AIM OF THE EXERCISE –
If pictures appear, leave them out, and return exactly the lines from the one holding "ENCOMENDA JÁ| Taco Bell Portugal" through the last line of the listing below.
GIVEN MATERIAL section start
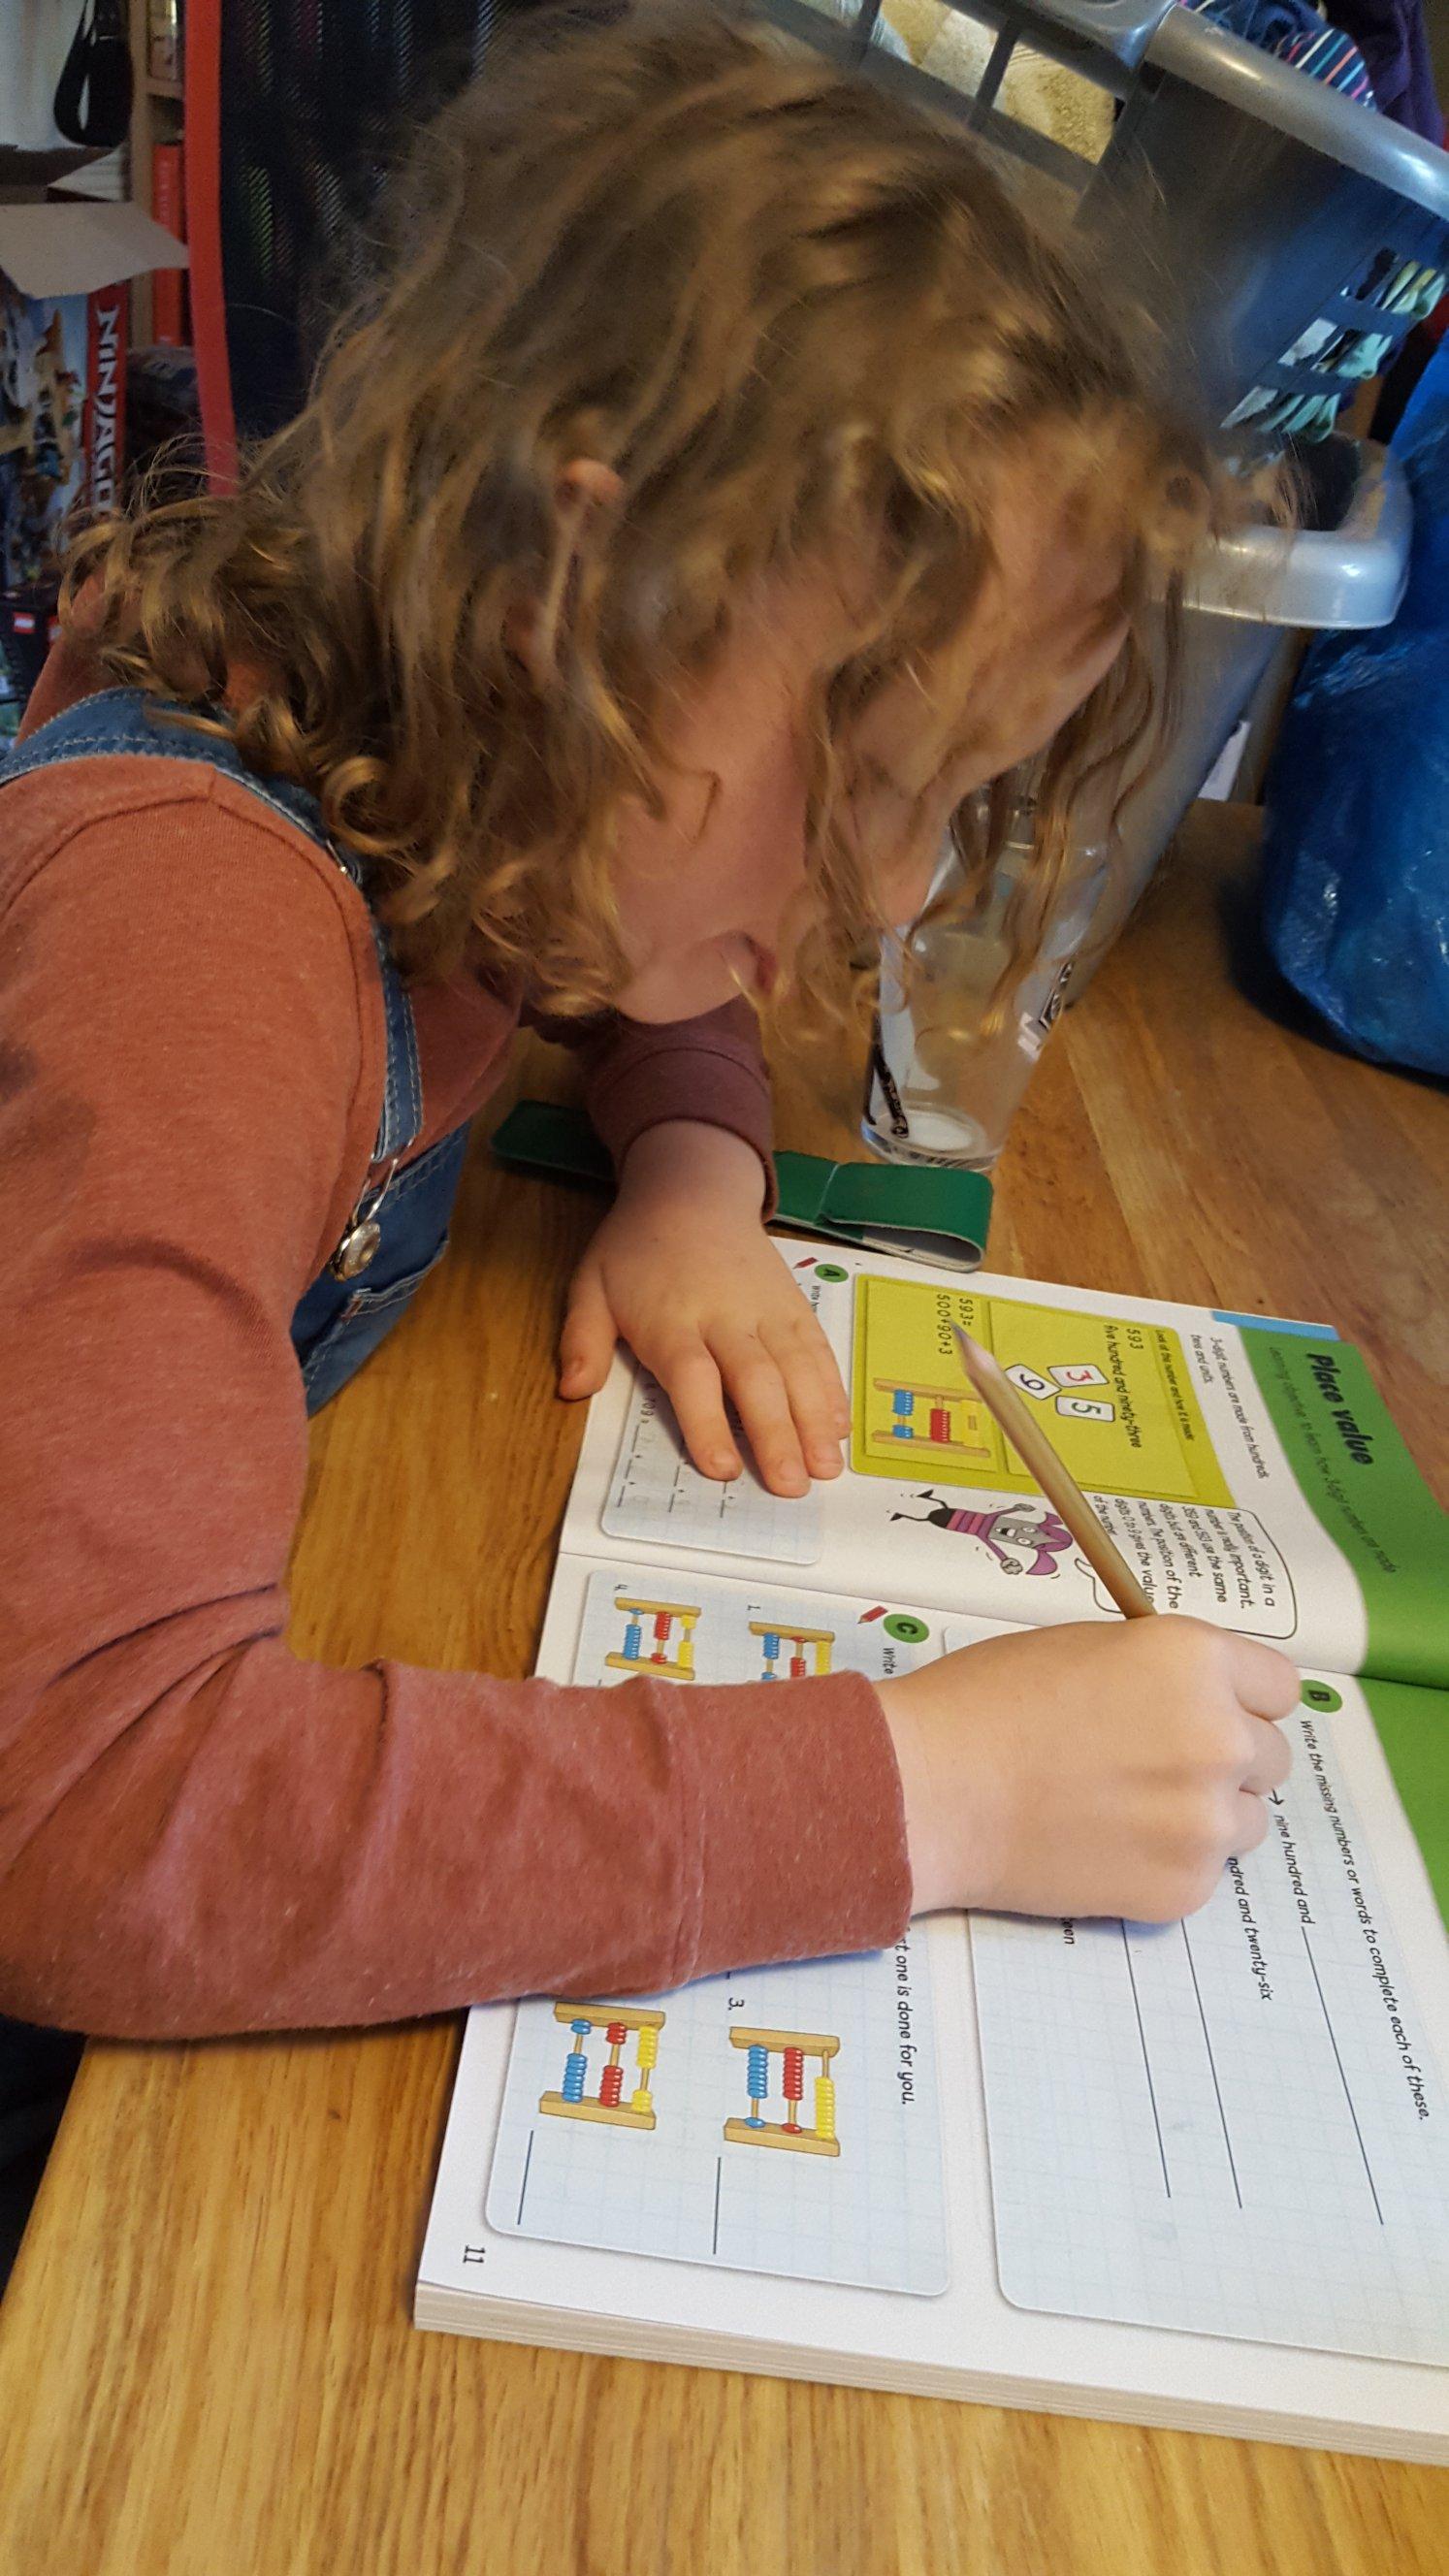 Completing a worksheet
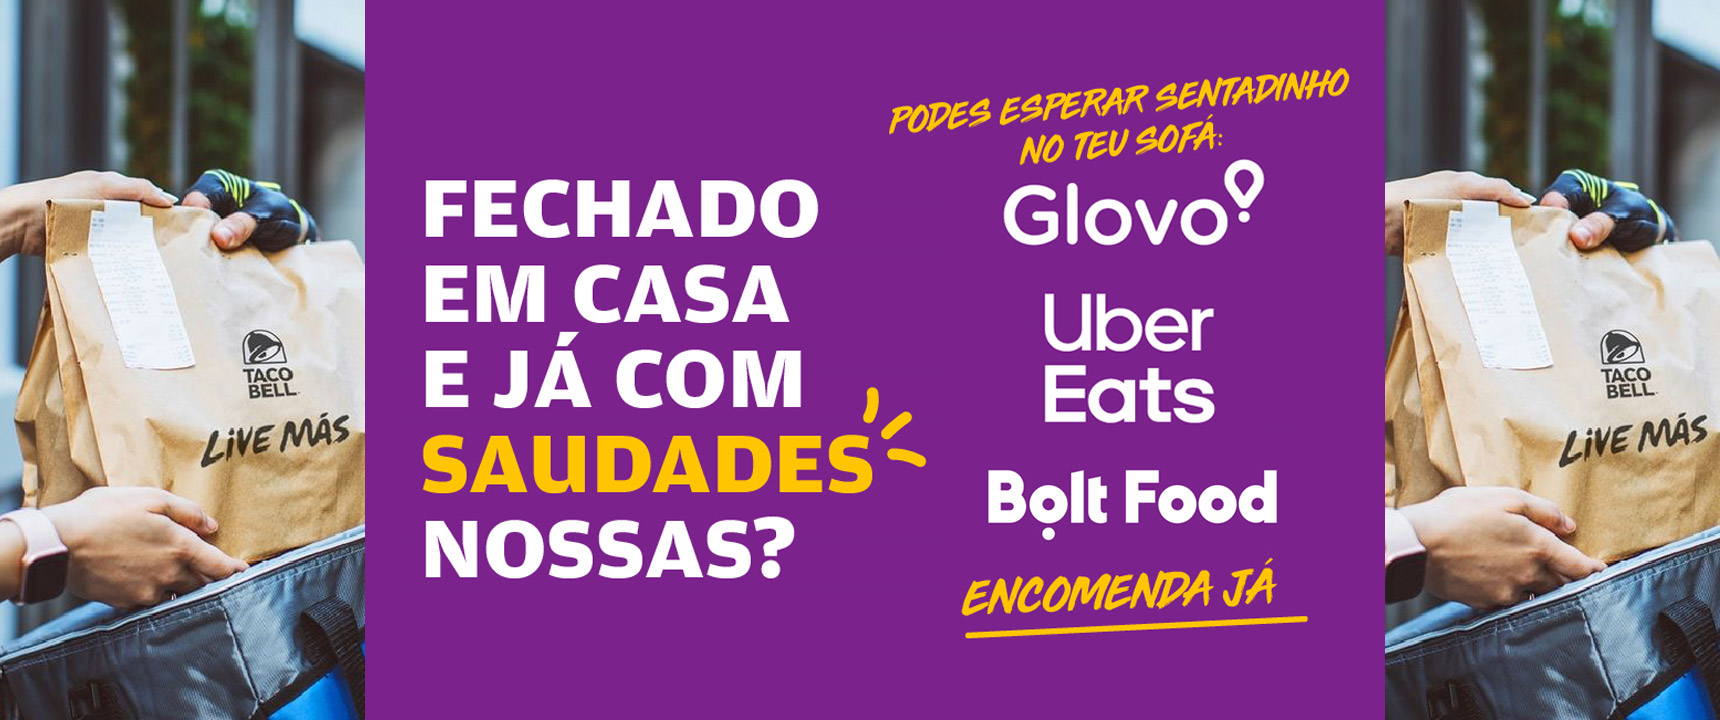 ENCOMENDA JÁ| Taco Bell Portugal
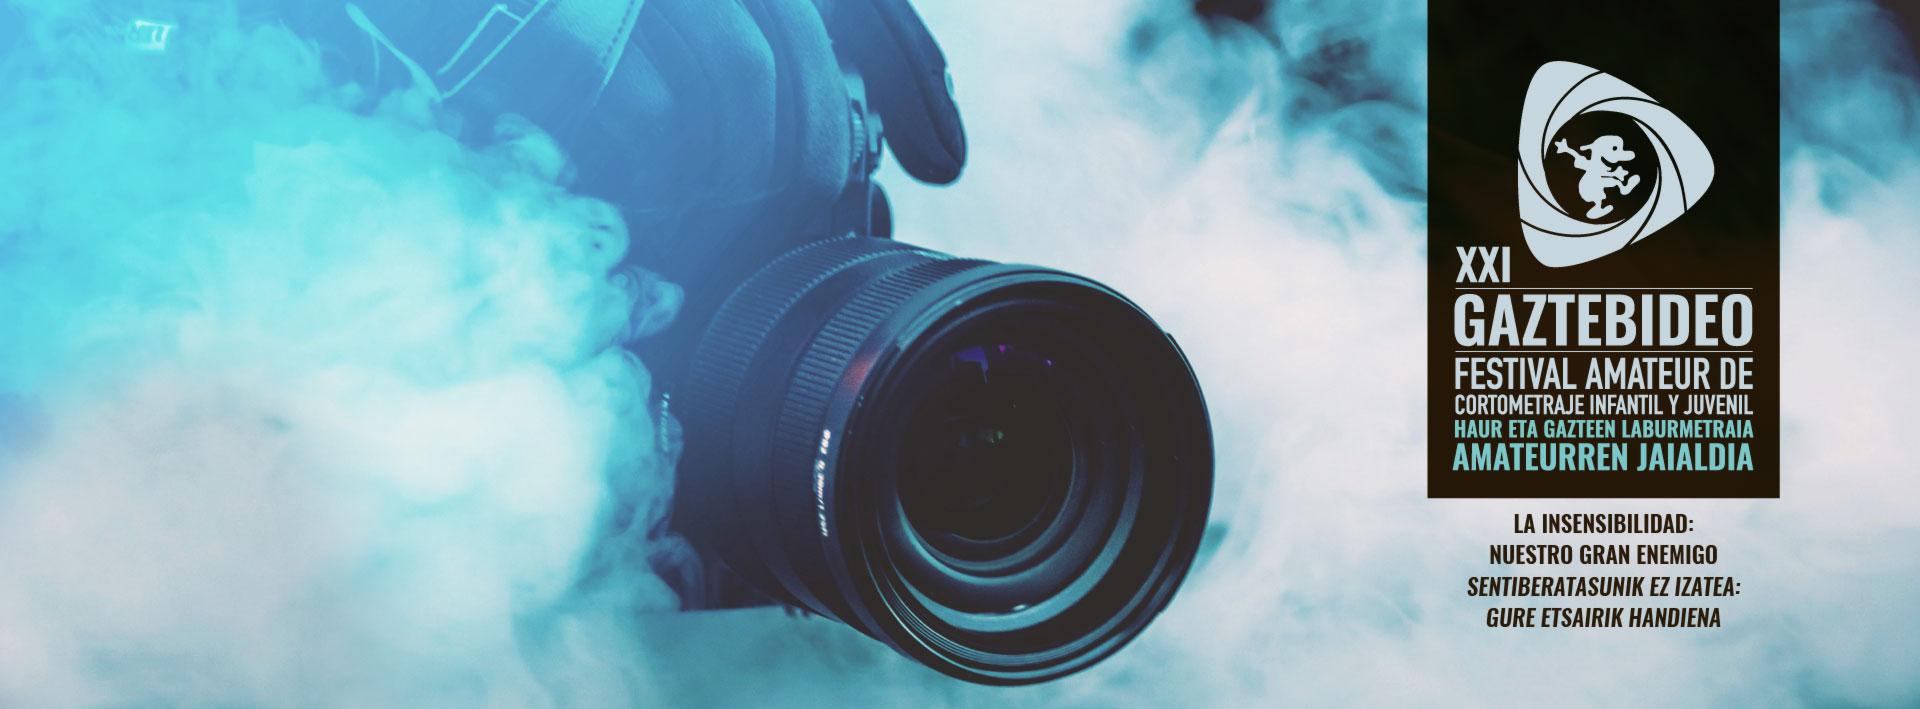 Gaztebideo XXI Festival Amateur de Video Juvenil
GIVEN MATERIAL section end
REPLY TO THE TASK –
 ENCOMENDA JÁ| Taco Bell Portugal
 Gaztebideo XXI Festival Amateur de Video Juvenil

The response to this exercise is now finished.